And it is honestly too puerile to cause a ruckus about this

Today Kenya celebrates Mashujaa Day. We celebrate our heroes and heroines, the great men and women whose unstinting sacrifices in the service of this country made it what it is today, and guaranteed the rights we now take for granted. Looked at from a broader perspective, this includes all of us. But for the sake of propriety and in recognition of the fact that that some contributed way more than many of us combined, we pay homage to the more universal heroes in particular.

Which brings me to the five men who bestowed on us the hymn which accompanies the raising of our flag in government institutions here and around the world, the national anthem. These men, Graham Hyslop, G. W. Senoga-Zake, Thomas Kalume, Peter Kibukosya and Washington Omondi, were commissioned just before independence to craft a national anthem that would “express the deepest convictions and the highest aspirations” of the Kenyan people. They took a traditional Pokomo tune and endowed it with the rich words of the “Ee Mungu Nguvu Yetu.”

For three generations, the enchanting song has been an enduring symbol of national pride, unity and aspirations. It has united students, consoled the oppressed, spurred the brave, and rallied ardent soldiers behind the flag. It has been a salve for the very heroes we celebrate today, especially at times when their heroism was still anathema to those they saved us from. It has been the soundtrack for our proud moments, and the dirge for when we were not as lucky.

Yet I am sure you did not know their names before you started reading this article. But that is not all. The worst part is that, out of a misled desire to eliminate the name of God from Kenya’s public life, an impudent group of attention-seeking imbeciles now want to mutilate the work these great men put so much effort into crafting.

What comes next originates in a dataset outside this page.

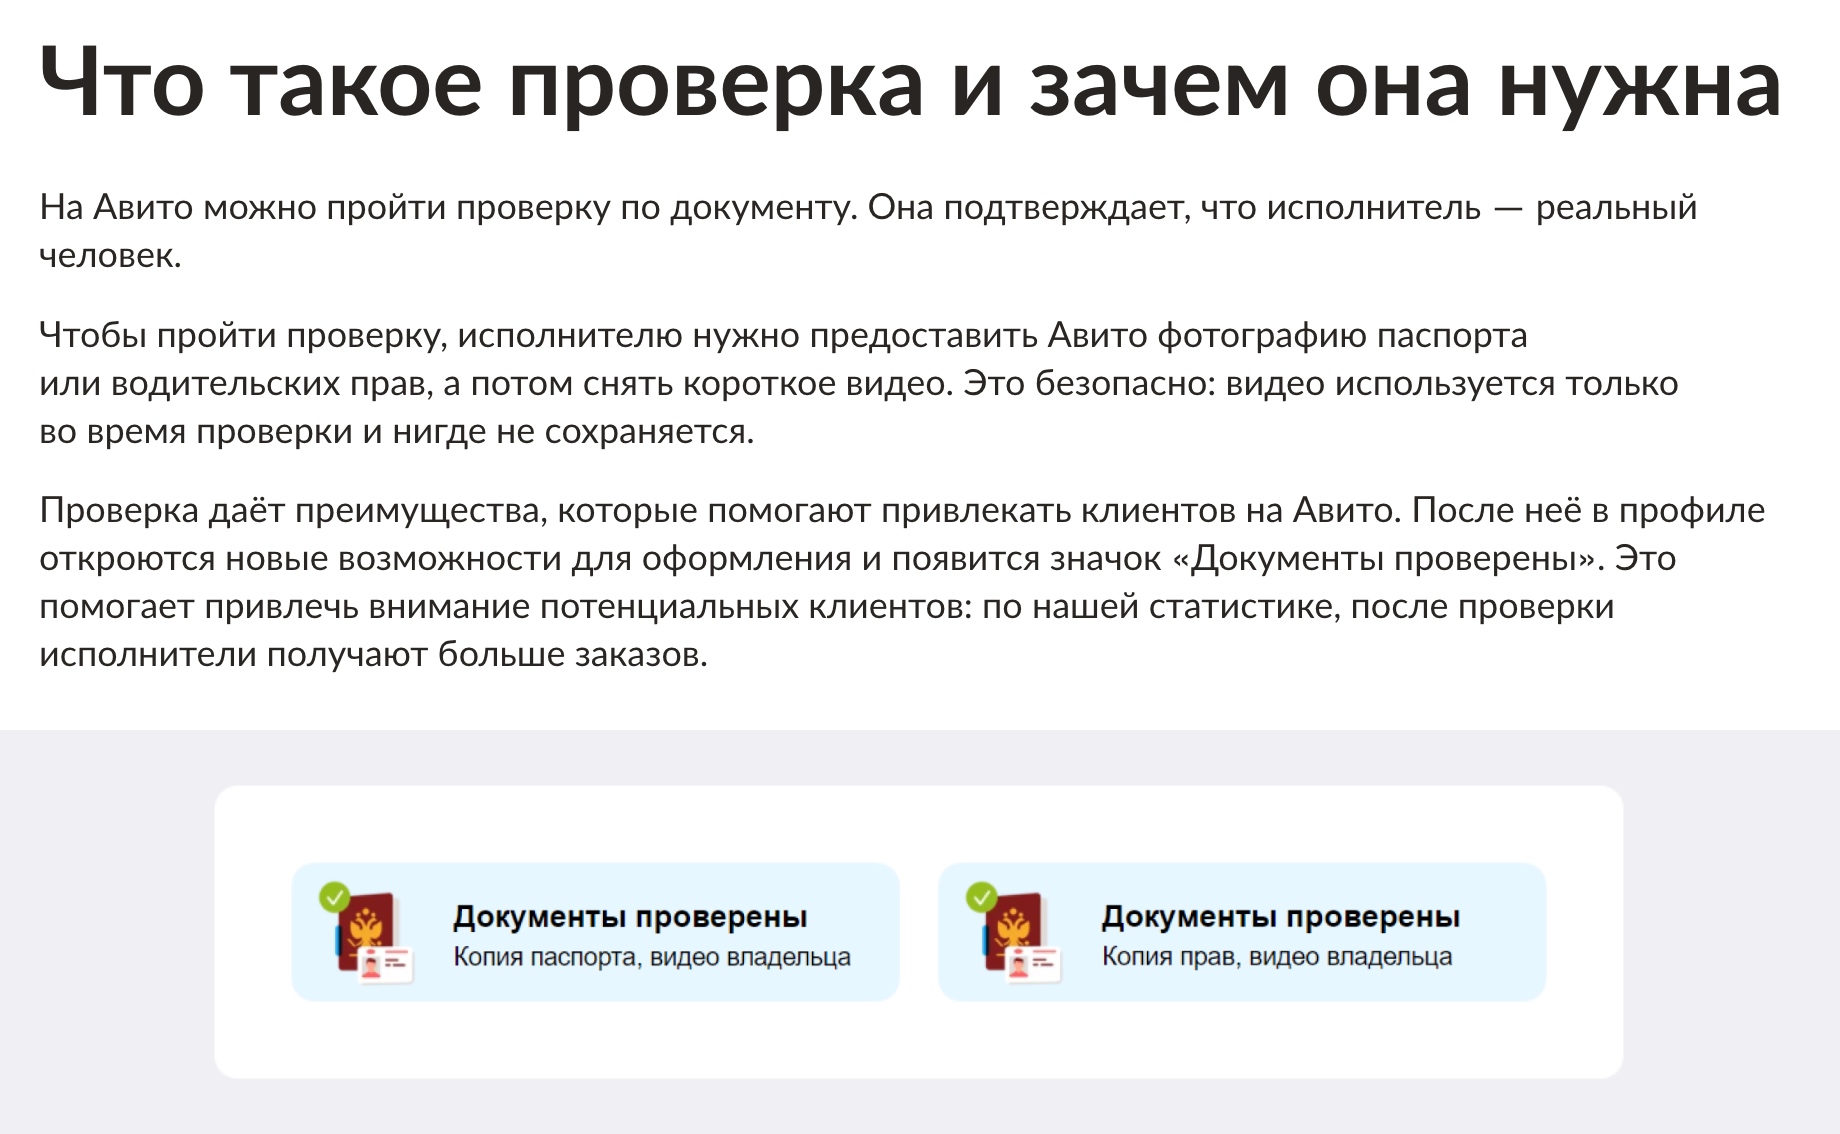 Зеленая галочка в профиле продавца означает, что сервис проверил документы. Источник: avito.ru
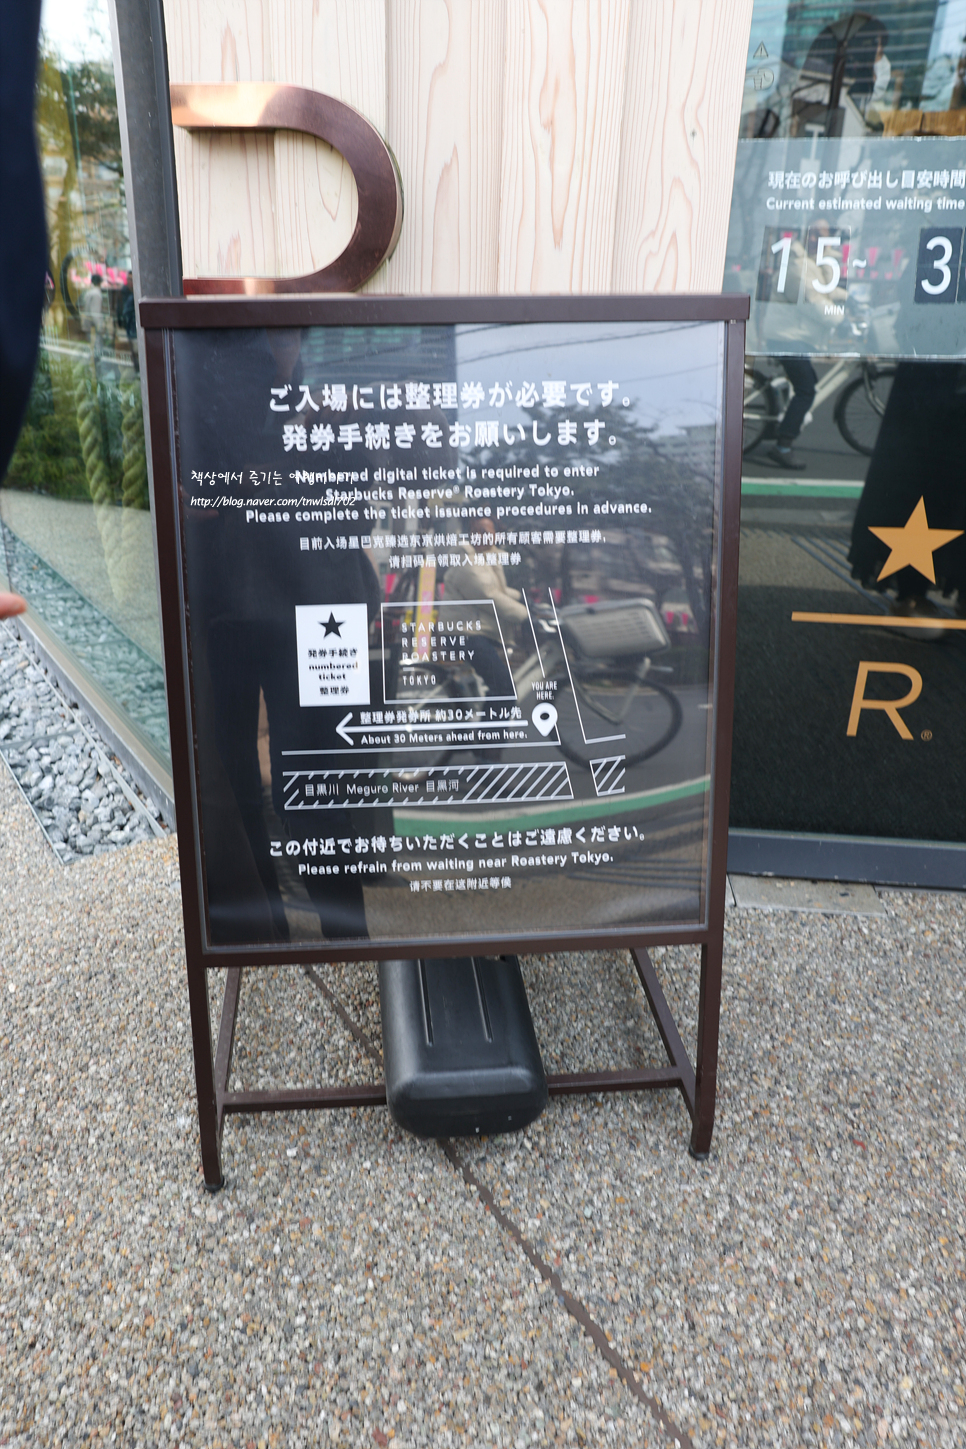 일본 도쿄 자유여행 나카메구로 스타벅스 리저브 로스터리

Harrison Mumia’s AIK (Atheists in Kenya) lobby group initiated a public online petition to remove the word God from the National Anthem. Their claim is that the word God in the national anthem does not capture the convictions of those who do not believe in God, threatens secularism and is ultimately unconstitutional. Needless to say, they are wrong on all counts. Not only is the timing of this petition supremely inappropriate, its contents are most contemptible. It says, in part, that:

“Atheists want to feel proud when we sing the national anthem. This pride must arise from a sense of unity as one country with shared values and ideals”

This is a study in self-contradiction. As a friend of mine let me know, one cannot talk of values from an atheistic background. This is because values transcend man, thereby providing direct evidence of the belief in a higher being, whatever this being may be, as the reference point from which universal values and ideals are derived. Now this is the being to whom the name God is attributed.

Once that is settled, everybody can particularise the name to suit himself or his community. The God in the national anthem is Yahweh for Christians and Jews, Allah for Muslims, Ngai for traditional Kikuyus, Ondeto for Legio Maria, Jehova Wanyonyi for that man’s followers and whatever atheists want to believe in, even if it is the contradictory non-being they claim God to be.

That word “God” in the national anthem transcends mere religion and, if anything, guarantees that it is inclusive of everyone, atheists included. If the anthem had started “Ee Yahweh,” everyone, atheists included, would have a right to protest, since this would be an overt preference for one concept of God, which is actually probably as diverse as we all are. But this is not the case, thanks to the unparalleled genius of the musicians and artists who crafted the crisp lyrics. As for being unconstitutional, the constitution itself starts with a preamble which itself starts with the name of God.

What the petition in the end boils down to is an infantile attempt at grabbing the attention of Kenyans, drawing their wrath, and then attributing this to their religiosity. Luckily, it is doomed to fail. And, as we celebrate our heroes today, we can rest assured that the name of Harrison Mumia and his band of clueless adventurers will not feature anywhere among the great men and women of this country.

They would only be celebrated if we set out a day to celebrate mediocrities. But, luckily again, we are above that.

Happy Mashujaa Day folks.

Feature image: Source unknown.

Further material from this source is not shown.